Por el camino derecho viene un
gavilán volando:
“señores, no
compren huevos que aquí los traigo colgando”
Por Alejandro C. Manjarrez
Corrí la invitación a los hombres del dinero para que me
acompañaran a una gira cuyo tema era la productividad. Antes preparé el
escenario donde se realizaría lo que entre mis colaboradores de confianza llamé
la magia de la raza. Al mismo tiempo se diseñó la estrategia para cautivar a la
media centena de invitados: transporte de lujo; las más hermosas, desinhibidas
y capaces edecanes; ambrosía en cada mesa de los
autobuses-salón-de-usos-múltiples; mujeres guías entrenadas para cautivar con
sus explicaciones sobre la geografía y orografía del territorio que recorrimos;
paradas estratégicas en algunas de las bellezas naturales con potencial
turístico o agrícola; y la historia del maíz in situ, que fue el tema axial para hablar del legado de Puebla al
mundo.
Durante poco más de cinco horas mis invitados viajaron y se
sorprendieron al enterarse de cosas y hechos que desconocían. Como final de la
gira preparé lo que fue la experiencia más alentadora para mí y una sorpresa
para los dueños del dinero, en muchos casos acaparadores de los créditos que
dotaron de triste fama a Puebla (“capitales de saliva”).

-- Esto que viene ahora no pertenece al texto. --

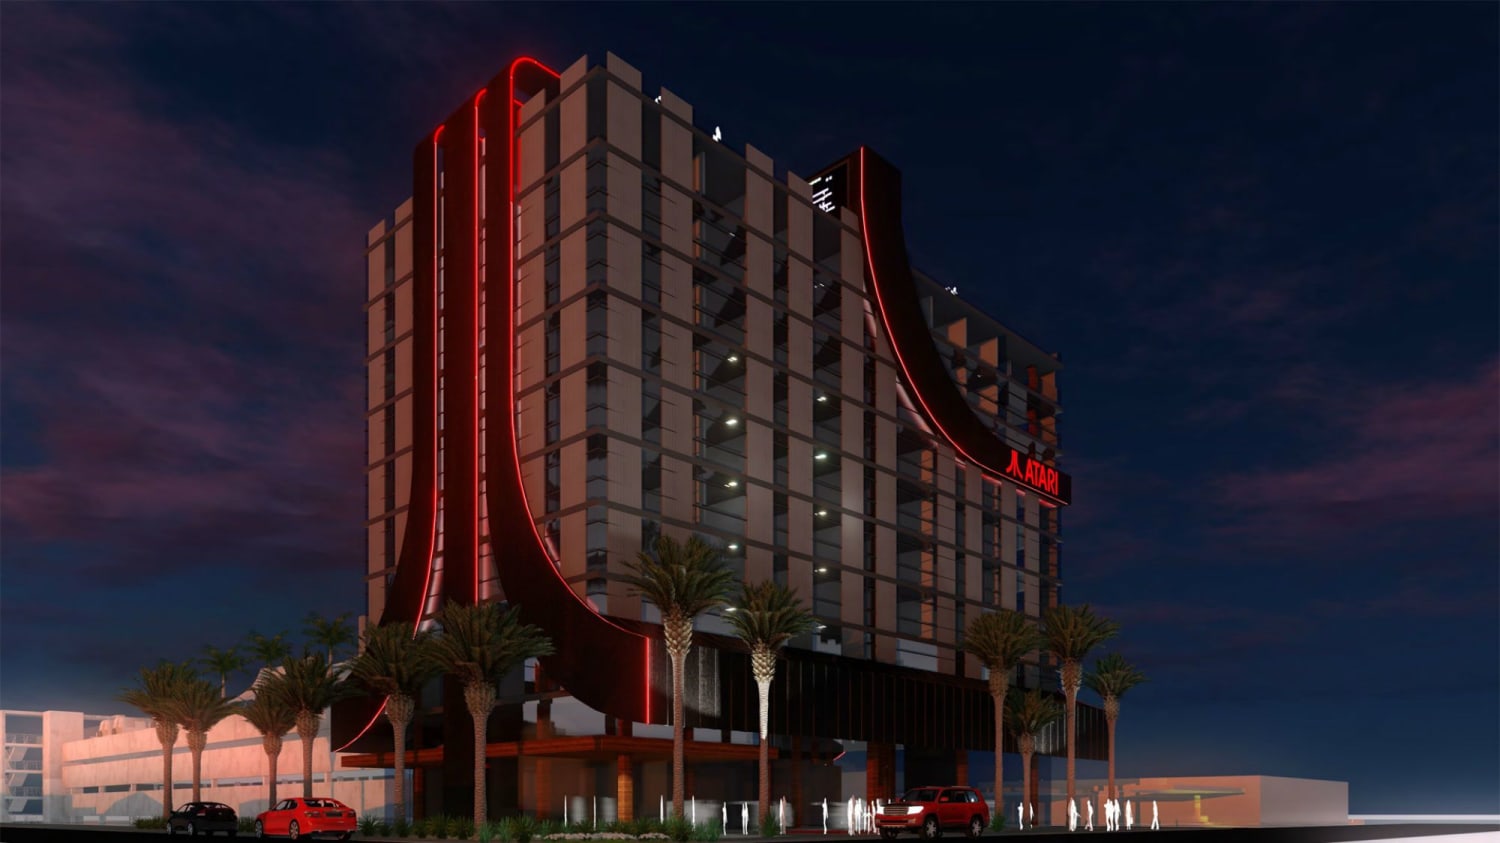 Game On: Atari Is Opening Themed Hotels in Eight U.S. Cities
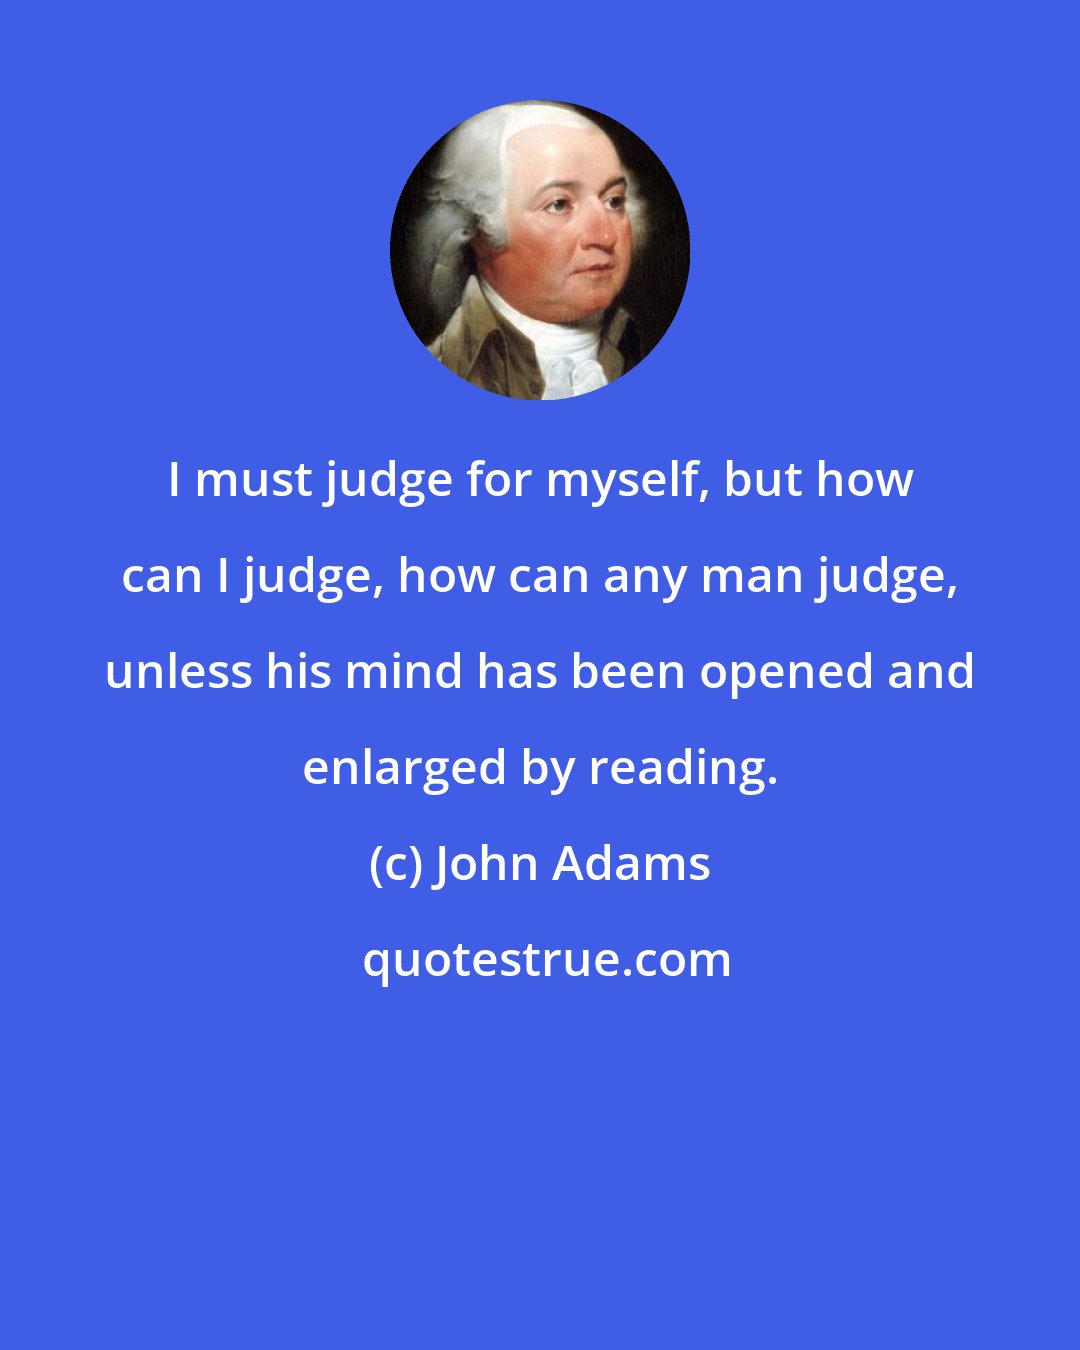 John Adams: I must judge for myself, but how can I judge, how can any man judge, unless his mind has been opened and enlarged by reading.

Ese día la comitiva estaba feliz por el trato, el ambiente y
las novedades que disfrutaron como niños. El mayor asombro ocurrió cuando la
tarde empezaba a pardear: llegamos a la enorme planicie para encontrarnos con
una procesión religiosa que transitaba cargando el nicho de cristal que
protegía al Santísimo rodeado de flores de matices diversos y llamativos. Fue
un encuentro dizque casual. Yo lo sugerí y mi ayudantía lo organizó. En un
momento cuidadosamente planeado y preparado se apagaron los motores de los tres
autobuses que transportaban a cuarenta y cinco empresarios e industriales
poblanos. Enseguida se hizo el silencio por respeto a la fe de los peregrinos
que, obvio, habían sido convocados a propósito por mi amigo el Arzobispo. A eso
atribuyo que arrugaban el corazón los rezos cantados por las mujeres casi
beatas. Aquel sosiego espiritual fue compartido por los diez mil campesinos que
esperaban nuestro arribo. Algunos de mis invitados siseaban preguntándose sobre
lo que estaban viendo. Nuestras respuestas también fueron cuchicheadas. Nos
alejamos de la procesión caminando y sin hablar hasta llegar al terraplén en
cuya corona se construyó una especie de estrado. Cuando consideré que mi
personal ya había acomodado al medio centenar de acompañantes y el cortejo religioso
se encontraba lejos, discretamente di la orden para que empezara el
espectáculo: se encendieron los motores de las dos centenas de tractores que
con sigilo un día antes habíamos llevado, colocado y adornado con flores. Y
empezaron a circular aquellos aparatos color verde y rojo, mismos que, uno a
uno, cual desfile, pasaron frente al templete natural. Una vez que los
vehículos retornaron al lugar de donde había partido, sus conductores
recibieron la señal para, sincronizados, cortar la energía del motor. Se
extinguió el ruido mecánico y en ese momento las diez mil almas formadas entre
los surcos divididos por las enormes plantas de maíz, aplaudieron al tiempo que
echaban porras y vivas al gobernador y su comitiva.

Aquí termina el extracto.